SEOUL, South Korea As North Korea puts the finishing touches on its nuclear weapons program, the United States and its allies have limited options to prevent one of the world's poorest and most erratic regimes from becoming a nuclear power.
In a matter of weeks, faint hopes that North Korea might be coaxed through multinational talks into voluntarily dismantling its nuclear facilities have all but evaporated.
The Bush administration appears to have ruled out any kind of pre-emptive strike on North Korea, which with its conventional artillery alone could inflict massive casualties on neighboring South Korea and the more than 30,000 U.S. troops stationed here. With diplomacy failing and military action seen as unviable, nonproliferation experts have begun to speak despairingly of the inevitability of a nuclear North Korea.
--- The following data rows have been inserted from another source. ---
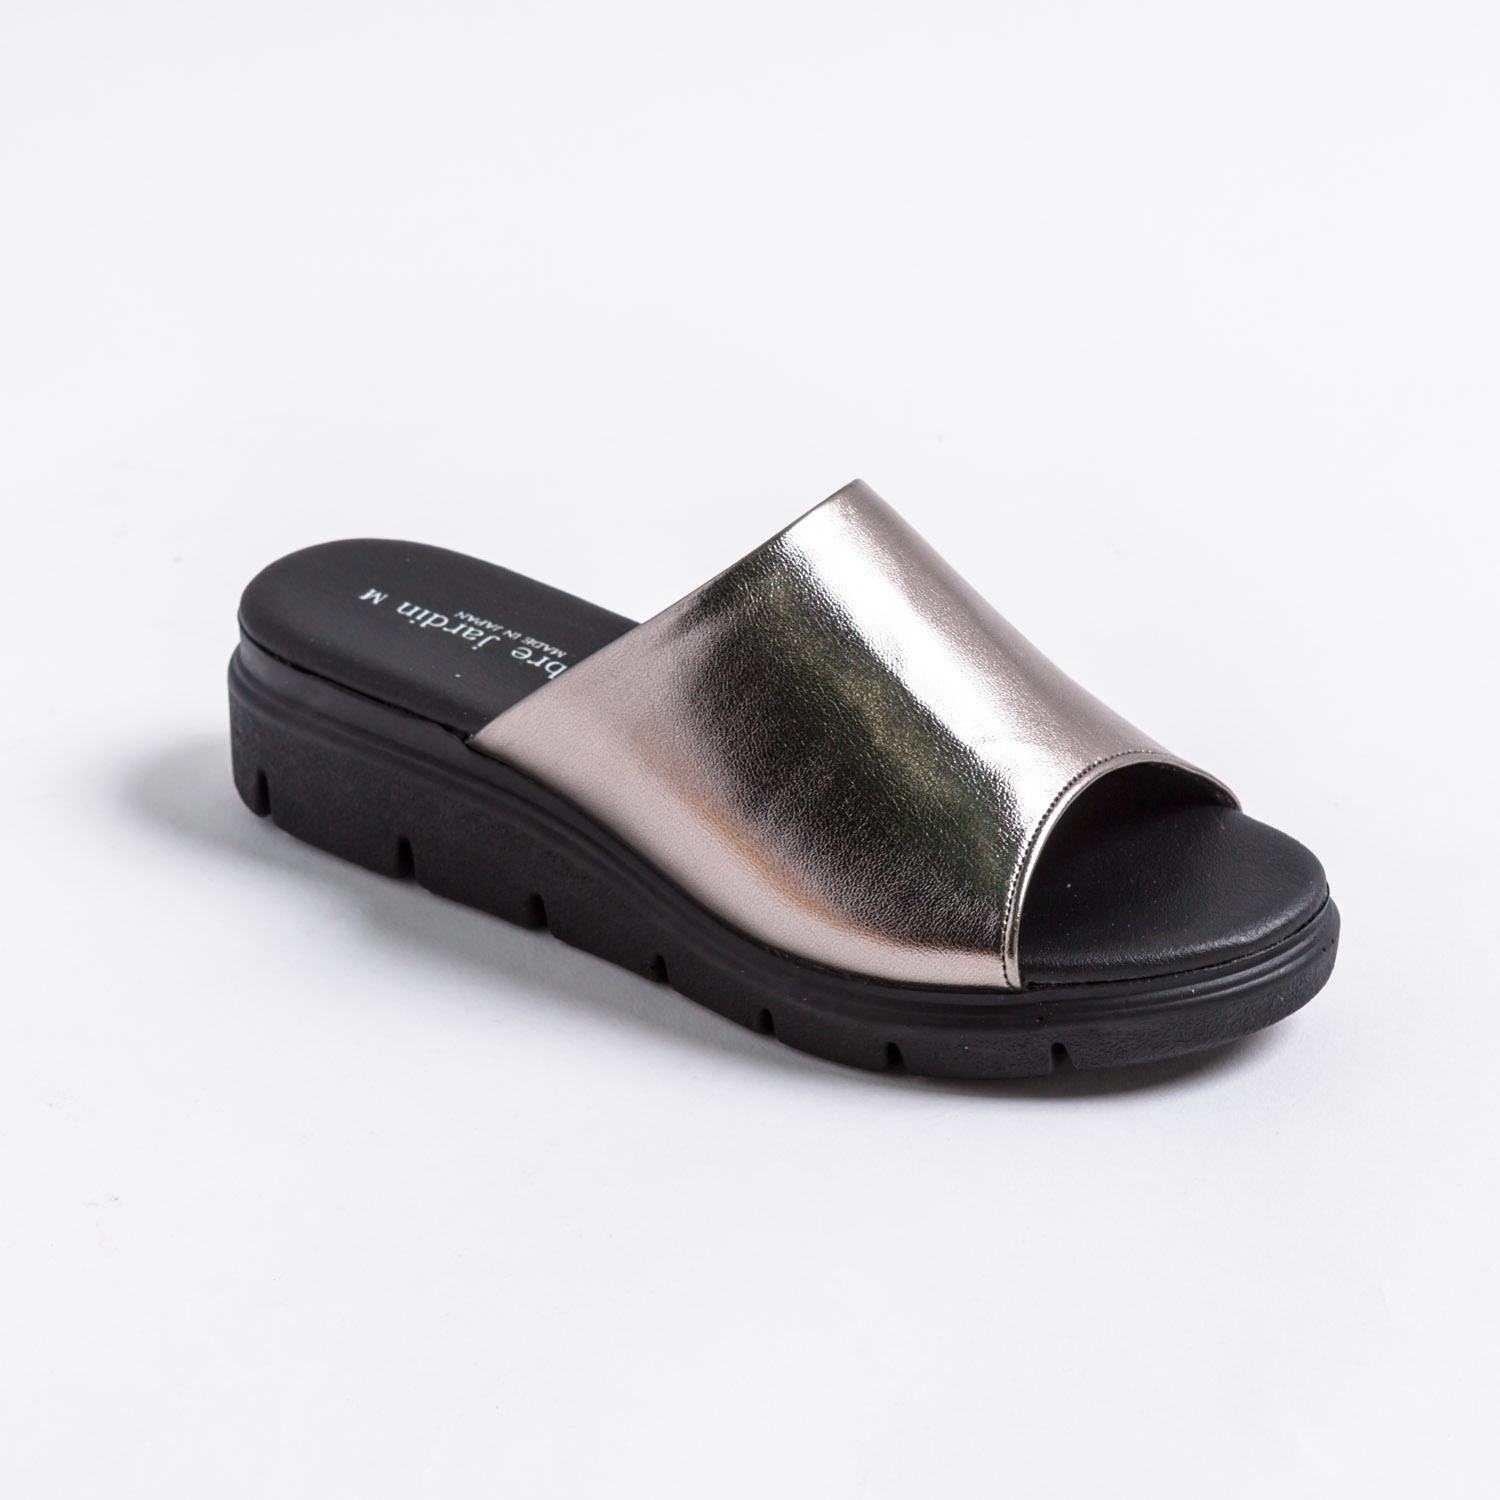 サンダル レディース つっかけ 日本製 黒 厚底 履きやすい 歩きやすい ウェッジソール サンダル
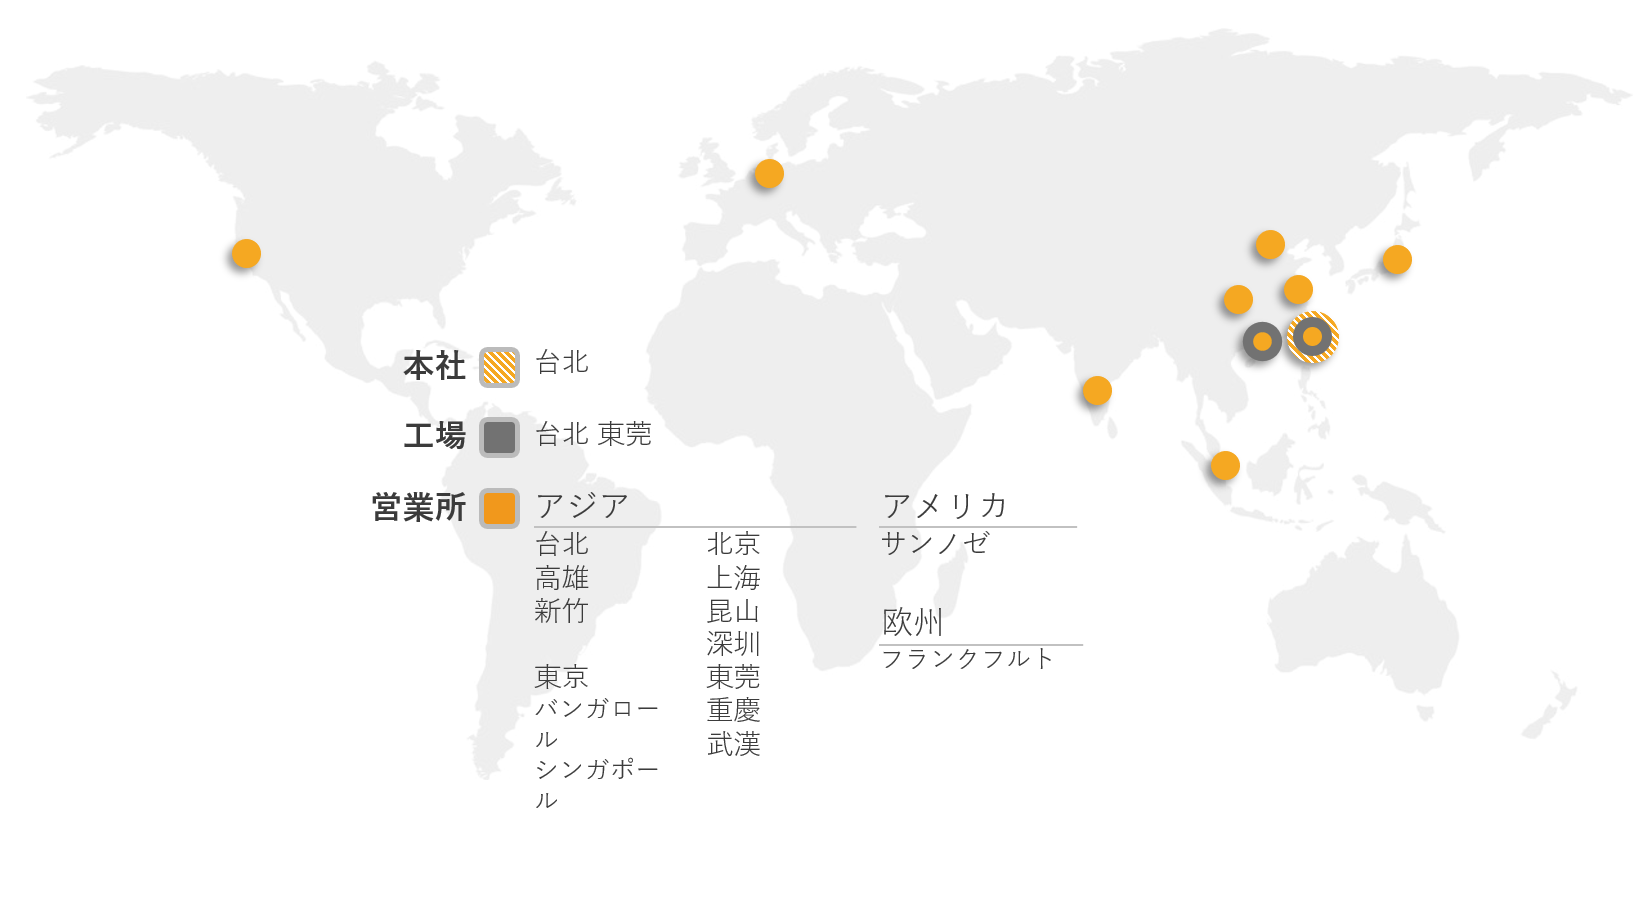 各国の営業所の地図です
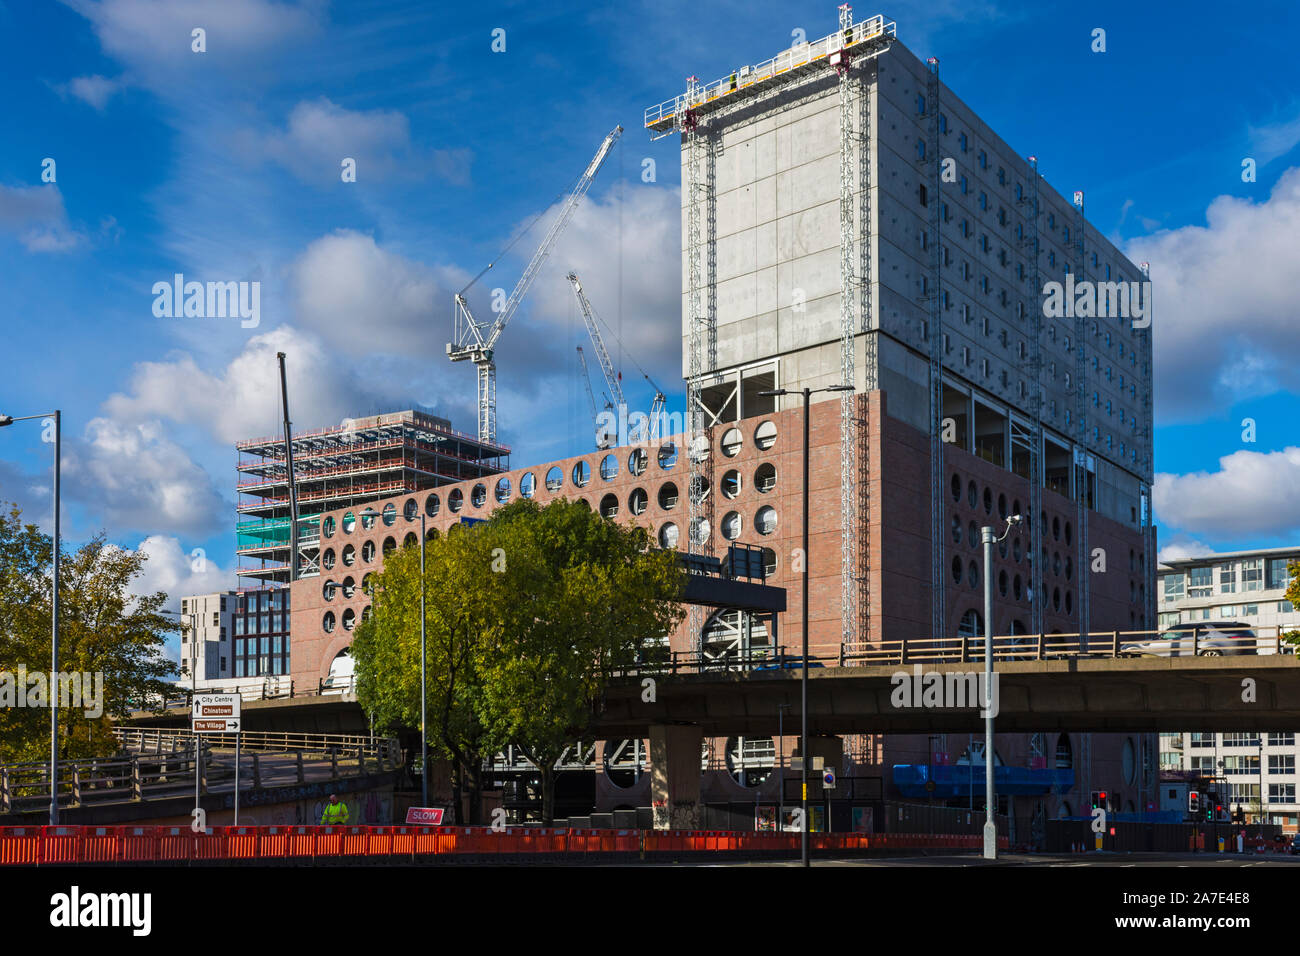 El círculo cuadrado hotel aparcamiento y el edificio en construcción, Oct 2019, Manchester, Inglaterra, Reino Unido. Foto de stock
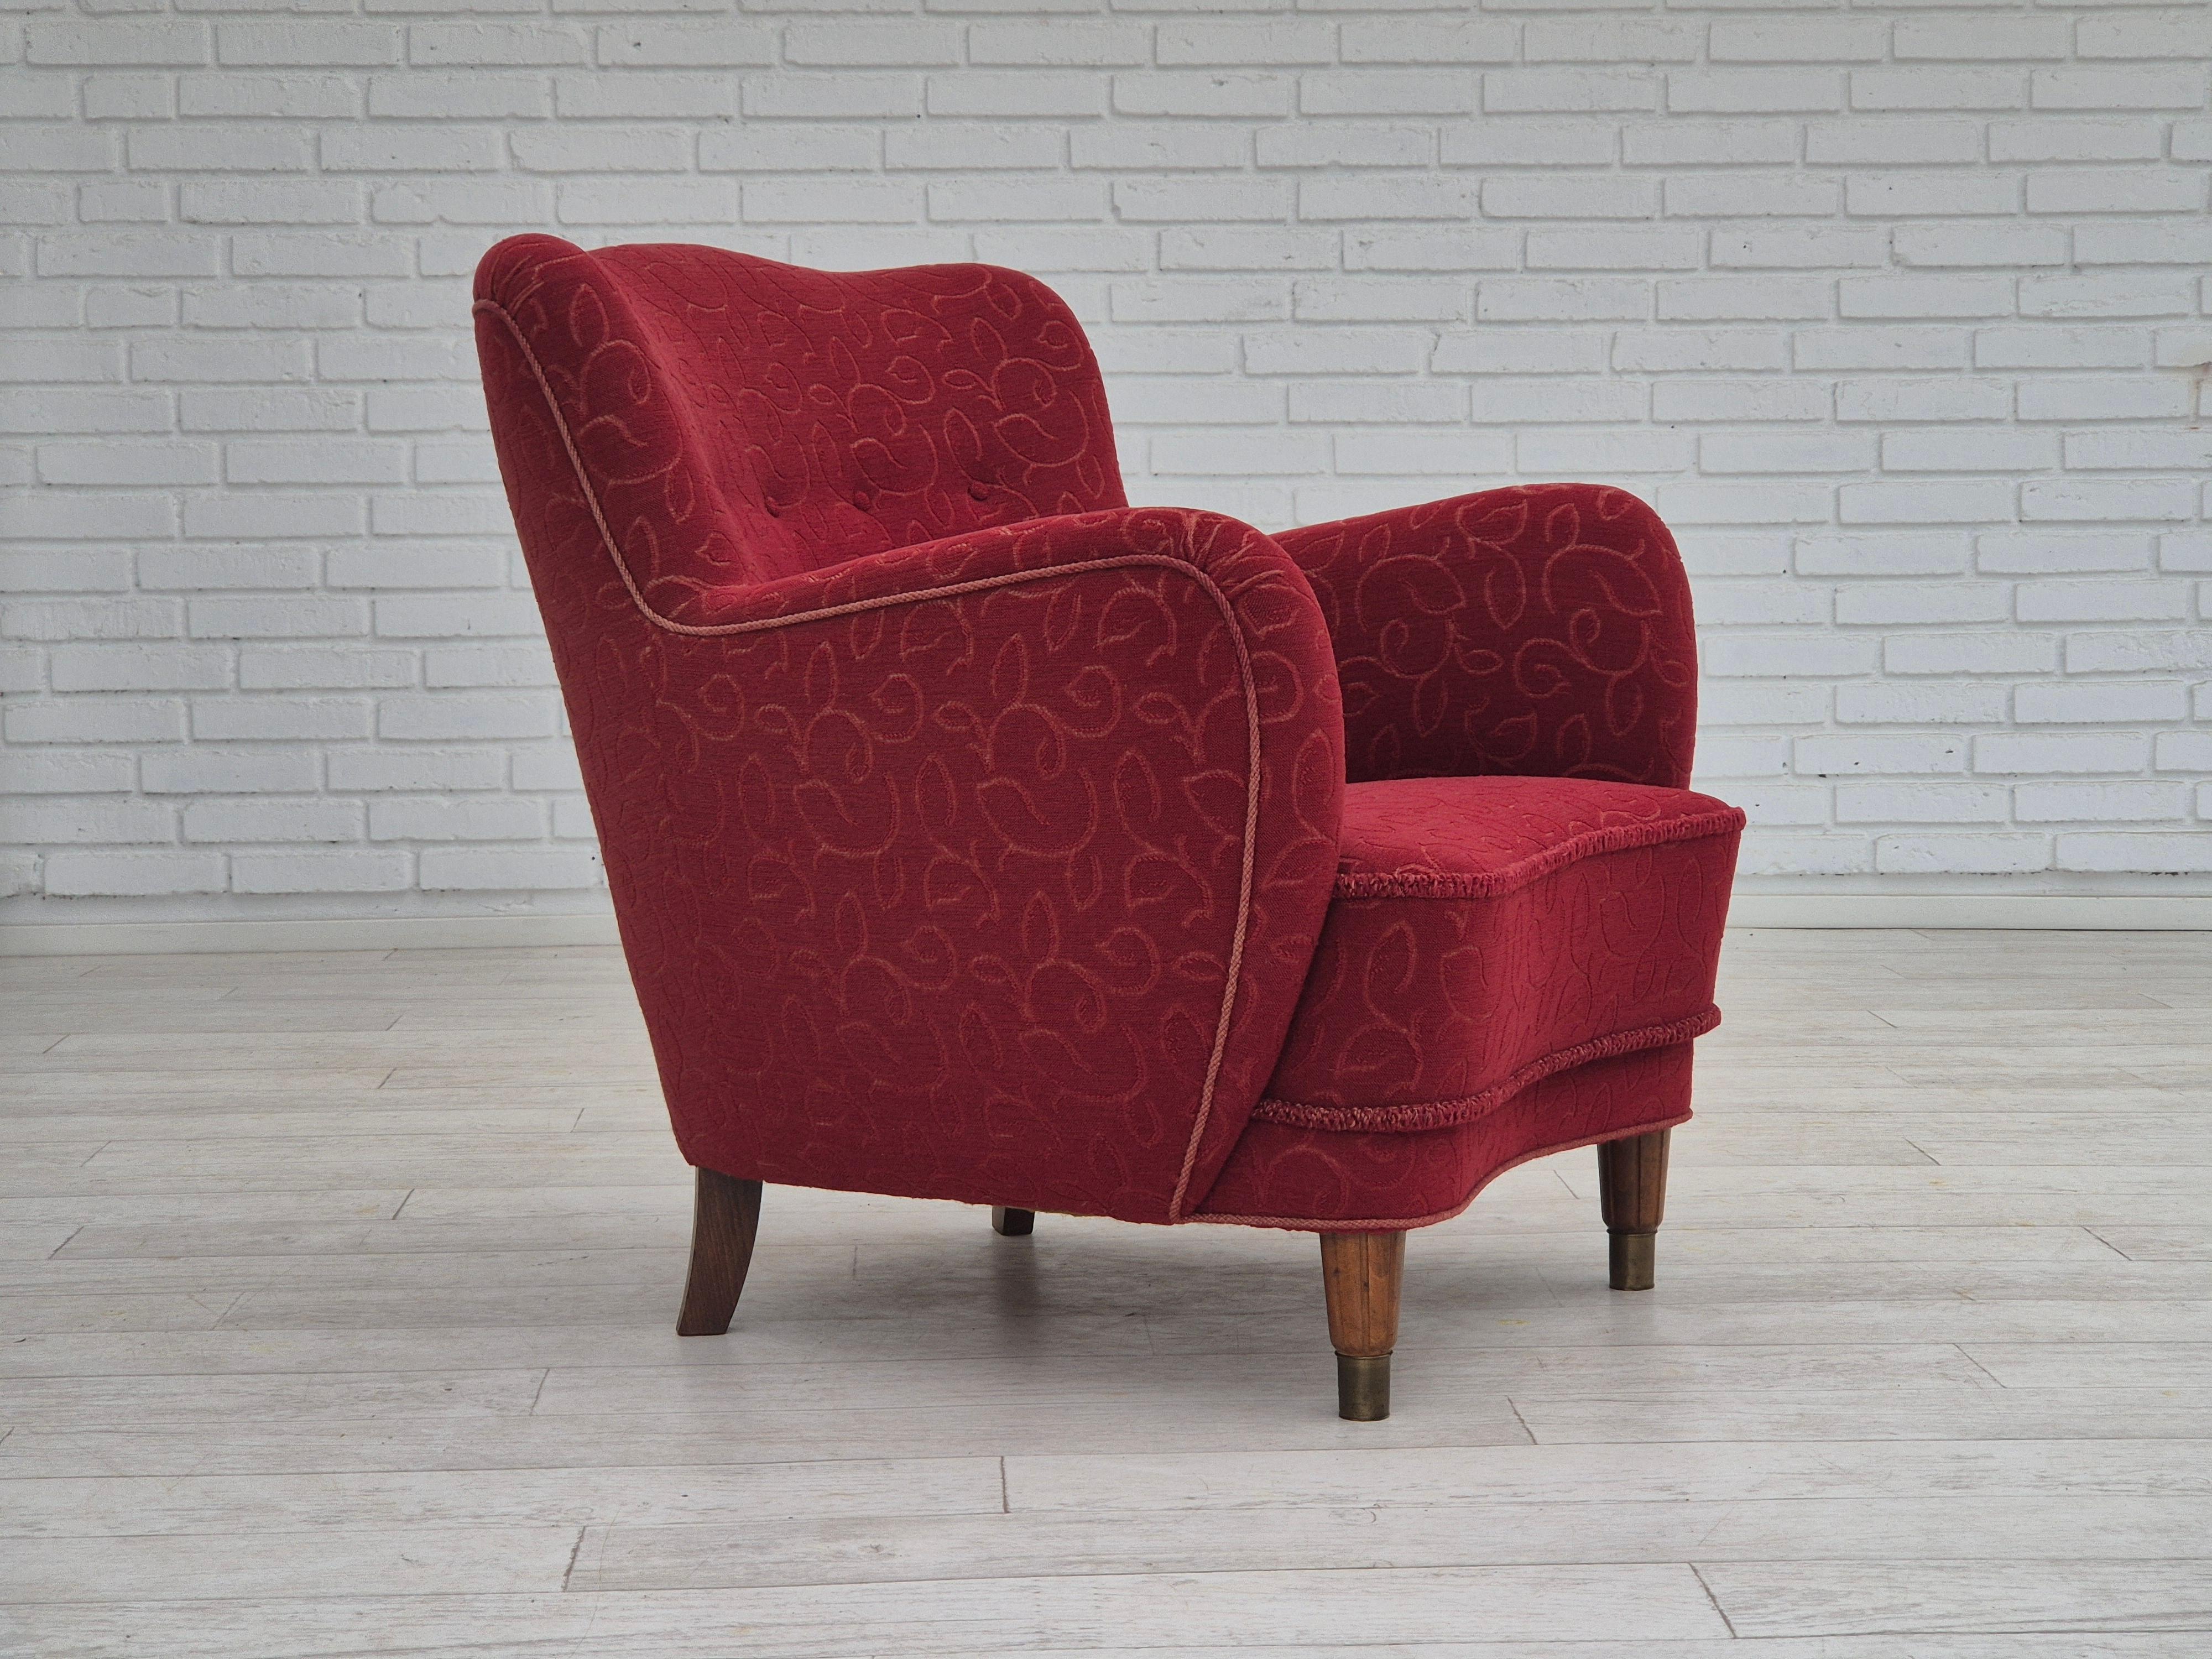 1960er Jahre, Dänisches Design. Sessel in sehr gutem Originalzustand: keine Gerüche und keine Flecken. Original roter Möbelstoff aus Watte. Buchenholzbeine mit Messingdübeln, Messingfedern in der Sitzfläche. Hergestellt von einem dänischen

U.S. spy satellites have detected what could be the groundwork for an underground nuclear test around the city of Kilju, officials said Friday. There are other bad signs as well. The North Koreans last weekend launched a missile into the Sea of Japan, possibly a new ballistic
missile that could reach U.S. bases in South Korea. The main North Korean nuclear reactor at Yongbyon has been shut down in apparent preparation for the extraction of more plutonium for bomb-making purposes.
If that happened, according to a report released last week by the Center for Nonproliferation Studies in Monterey, Calif., North Korea could have eleven nuclear bombs by next year.
"It looks like North Korea is intent on becoming a nuclear power and the time is running out to stop it," Park Jin, a South Korean legislator and member of the National Assembly's defense committee, said Friday.
The CIA has believed for some time that North Korea might have one or two nuclear weapons, and Pyongyang itself announced Feb. 10 that it had nuclear capability. But it has not been officially deemed by the international community to be a nuclear power because it has not actually tested a device.
"The general working assumption is that they could test with relatively little warning if they choose to do so," a U.S. official in Washington said Friday. The factors in their decisions would likely be "more political than technical."
Among American policymakers, there is a long-standing epithet for North Korea as the "land of lousy options." Never has it been more the case as they watch with a largely helpless feeling from the sidelines as Pyongyang puts its nuclear program on fast-forward.